© Mars Films
Ronit, fille d’un père orateur d’une synagogue, retourne chez elle à la mort de ce dernier. Une réapparition qui provoque quelques tensions au sein de cette communauté juive très fermée sur elle-même et sur ses dogmes, et qui va prendre un autre relief lorsque son amie Esti, désormais mariée à un orthodoxe convaincu, lui avoue ses sentiments…
Il y a quelque chose de profondément exaspérant qui se repère à chaque fois dans la longue liste des films prétendument engagés contre l’étouffement communautaire : jouer la révolte par une mise en scène qui en est l’exact opposé. Dans le cas de "Désobéissance", à la fois premier film américain d’un Sebastian Lelio tout juste oscarisé et adaptation littéraire produite par l’actrice Rachel Weisz, on a la totale. La liste des thèmes à aborder a beau s’avérer longue comme le bras (ostracisme, poids du dogme, liberté contrariée par une religion persécutrice, aliénation par le patriarcat, irruption du saphisme comme élément subversif, etc…), la liste des choix cinématographiques qui les trahissent un par un l’est tout autant. Rarement avait-on eu l’occasion d’assister à un film qui prône à ce point la liberté et l’émancipation au travers d’une mise en scène qui en est l’exact opposé. Image glaciale, esthétique grisâtre et dépressive, intérieurs blancs comme des cachets d’aspirine, symbolisme au point mort, grammaire verbale plus basique tu meurs : tout suinte un vieux emballage académique et plus chaste que jamais, où rien ne dépasse, où rien ne s’écarte des codes (y compris quand il s’agit d’aller à l’encontre de ceux-là), donc aux antipodes d’une prétendue désobéissance aux conventions.

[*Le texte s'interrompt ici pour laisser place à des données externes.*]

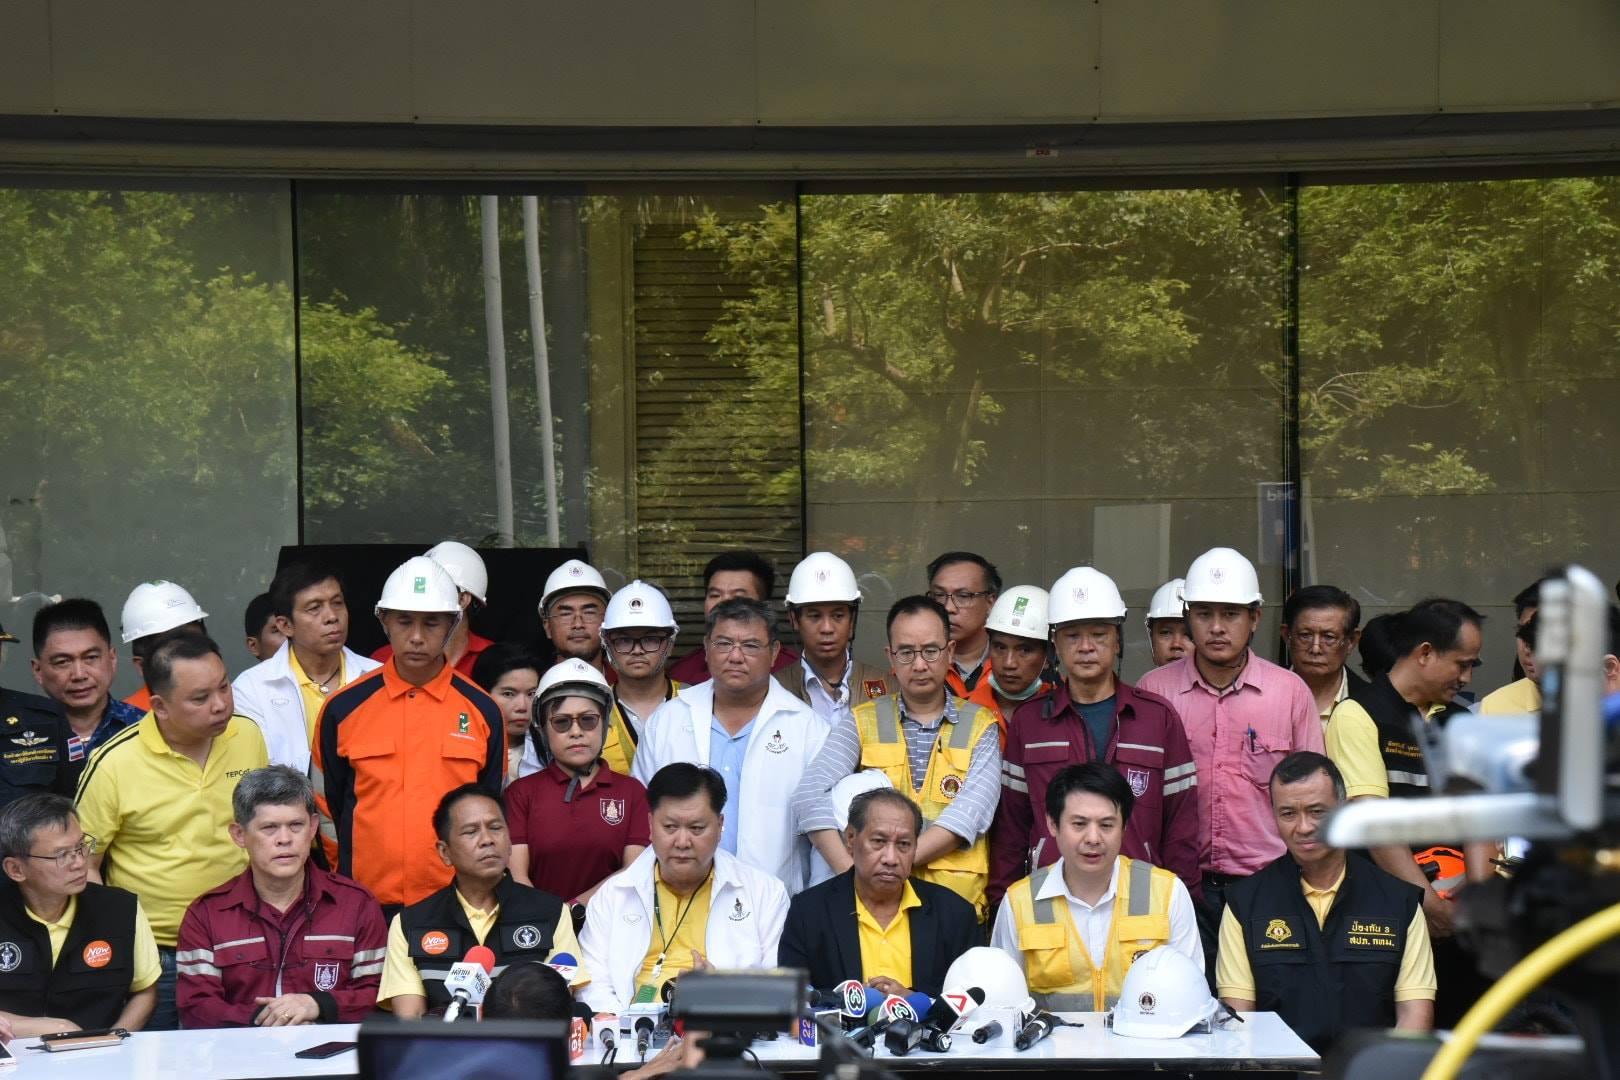 วิศวกรรมสถานแห่งประเทศไทยฯ ร่วมกับกองควบคุมอาคารสำนักการโยธา กทม. กองพิสูจน์หลักฐาน สำนักงานเขตปทุมวัน สำนักป้องกันและบรรเทาสาธารณภัย สภาวิศวกร สมาคมตรวจสอบอาคาร เข้าตรวจพื้นที่เกิดเหตุไฟไหม้เซ็นทรัลเวิลด์

À la réflexion, une telle glaciation visuelle aurait pu sembler justifiée avec un cinéaste comme Atom Egoyan aux commandes – sa patte théorique et ses savantes constructions narratives ont su révéler leur intérêt pour incarner intelligemment une forme de subversion. Sauf que Lelio, échappé d’une poignée de mélodrames pseudo-almodovariens ("Gloria", "Une femme fantastique"), n’est pas Egoyan. Sans aller jusqu’à qualifier le film d’hypocrite, on n’hésitera cependant pas à y déceler un profond schématisme dans l’illustration de ses thèmes, tant le film ne compte que sur ses dialogues (poussifs) et son casting (inexpressif) pour travailler sa matière. Entre deux actrices robotisées dont l’alchimie ne se révèle être qu’une vue de l’esprit (on ne sent aucune fièvre amoureuse chez l’une ni chez l’autre), une scène de sexe saphique supra-grotesque (l’idée du crachat dans la bouche, ça sert à quoi ?) et un éloge final de la liberté énoncé de façon répétée et à haute voix (au cas où on n’aurait pas déjà pigé ?), on déguste ici un cinéma hollywoodien basique, sans vie ni énergie interne, branché sur respirateur artificiel afin de faire passer son propos par autre chose que le découpage et la scénographie. Sortir de ces deux heures étouffantes a au moins le bon goût de nous rendre plus libres qu’on ne l’était en les regardant, et c’est bien là la seule qualité que l’on mettra à leur crédit.